The process of creation, for Pimienta, is "very prolific, very fertile ground." She records "skeletons" as basic music frameworks, which she then presents to her band in a weekly session. "Melodies come to me and I will just put my headphones on and do a little demo. I send it to my bandmates and then the following Tuesday, we will start practicing that and finessing the sound," she says. "I deliver the skeleton and each person in my band has something to add — adding the meat and the blood to it. Then I add the skin to it with my voice. That's how we work — from my headphones to practicing to performing it live. If people like it, we keep working on it. I work very immediate. I don't take too long. I know when a song works and when it doesn't work," she says.
 
She admits to being overprotective of her music but considers her bandmates as family. It's a collaborative process, but one where she has the final say.
 
"I'm very aware that I am a woman and feminist and intersectional.
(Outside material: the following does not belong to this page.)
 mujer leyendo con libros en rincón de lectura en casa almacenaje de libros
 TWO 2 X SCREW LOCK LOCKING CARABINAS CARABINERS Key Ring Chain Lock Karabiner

And as adoring as my bandmates are, they are still men and they will unwittingly say shit that I don't want to hear or give me what I want," she says. "It's really a big mix of a lot of disciplines coming together in a very beautiful package."
 
Her planned followup to La Papessa reflects her evolving creative process. "The album that I'm working on now is less collaborative. I'm working with a single producer and I'm giving him all of the parts and he's finessing it. I do enough; I don't need to be the best producer in the world because my songs are very strong," she says. "The beautiful thing about the way that I work [is] I can be in a show where it's just me and my voice, and people will be satisfied. And that is the way I want to always make music, where the song can be performed with an acoustic guitar and voice, or with one drum and voice, and it will have the same impact as it has with a full band."
 
But it all comes from her home and studio, she says, a place where she is able to both provide for her child and create independent art on her terms. "If you want music to be your life, you have to treat it like so. I'm completely engaged and enamoured and so proud of how this place has been transformed. It really tells the story of how I came to Toronto all by myself with my son.
 
"Me against the world, and I fucking did it. I made it."